Yesterday, I spent some time configuring permalinks in WordPress and setting up a custom 404 error page. The GoDaddy default 404 page is lame. I also wanted to add some JavaScript that Google provides to make some suggestions and ultimately provide a Google search of the site when the page you are looking for can not be found.
First, Google provided me with this code block to include in my custom 404.
<script type="text/javascript"> var GOOG_FIXURL_LANG = 'en'; var GOOG_FIXURL_SITE = 'http://www.flbelt.com/'; </script> <script type="text/javascript" src="http://linkhelp.clients.google.com/tbproxy/lh/wm/fixurl.js"></script>
I was able to edit my theme 404.php file using WordPress Admin -> Appearance -> Editor, and selecting 404.php on the right. I added the JavaScript from Google and the php snippet below at the top to make the pages more search engine friendly (so they would return the proper 404 status code, rather than 200 OK when serving up the page)
<?php
header("HTTP/1.0 404 Not Found");
header("Status: 404 Not Found");
get_header(); ?>
Now came the tricky part, when I would go to the GoDaddy control panel choose 404 Error Behavior, select custom and input /index.php?error=404 or /?error=404 as required by WordPress, GoDaddy would return an error and say that my custom page could not contain a question mark!
After searching around a bit, I decided to try to add the error page to .htaccess since GoDaddy would not support the option I was looking for.
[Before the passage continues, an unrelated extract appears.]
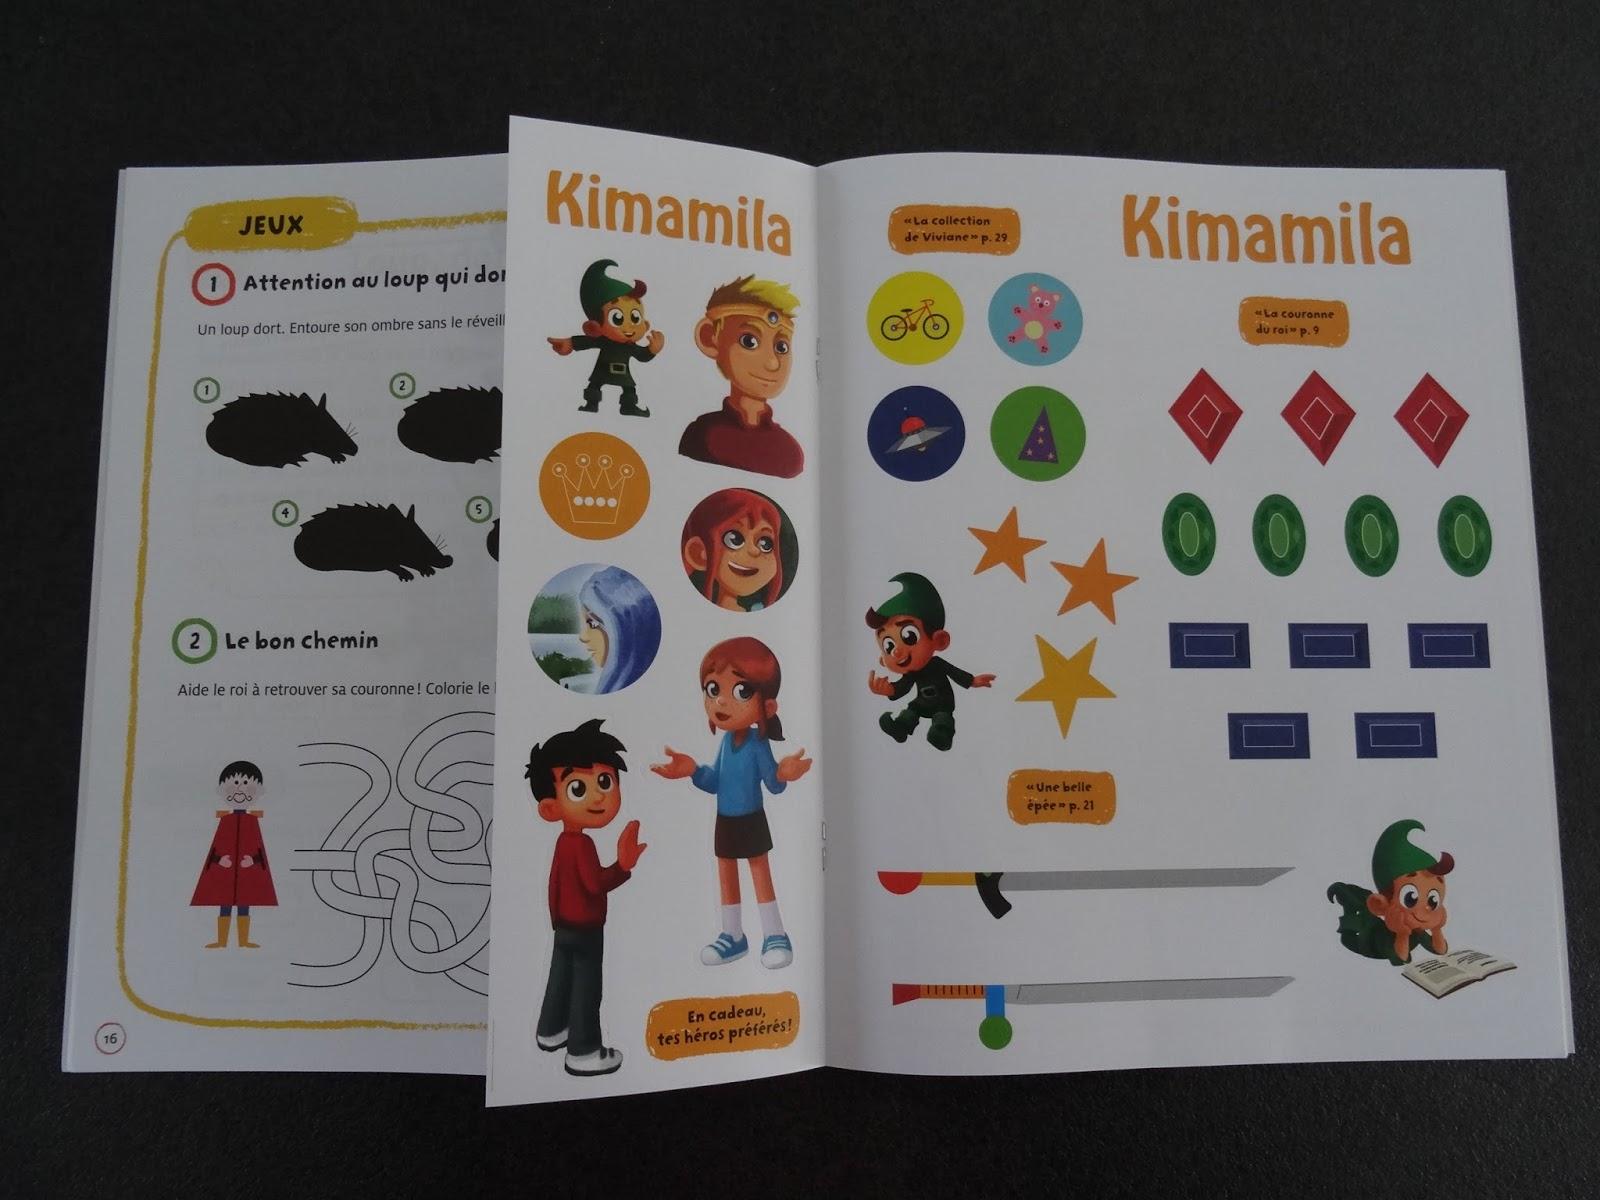 Les Mercredis De Julie Nouveautés Kimamila Aventures Livres Jeux

So I created a .htaccess in the root of my website with the following.
ErrorDocument 404 /?error=404
But in spite of the information in the .htaccess GoDaddy still seemed to redirect to the old error page. Now I was stumped and turned to Google.
There I found this blog entry showed the way to disable GoDaddy’s 404 handling and allow requests to pass to your .htaccess was to select the “Use home page” option (not documented on GoDaddy’s help portal btw).
Then I found this blog entry which pointed out the GoDaddy’s servers only refresh the .htaccess every so often. Their advice, just wait a little bit (was about 15 minutes for me) after you update/add an .htaccess before testing.
Finally it was working! After all that I was even able to turn on more descriptive permalinks in WordPress (which rely on .htaccess working properly also) and that is working now too!
You can use this link to see our custom 404 page. Took a little more time than I had wanted, but im happy with the end result!

#1 by Eric Felker on September 17, 2010 - 12:38 pm
Thank you for this, I was getting very frustrated!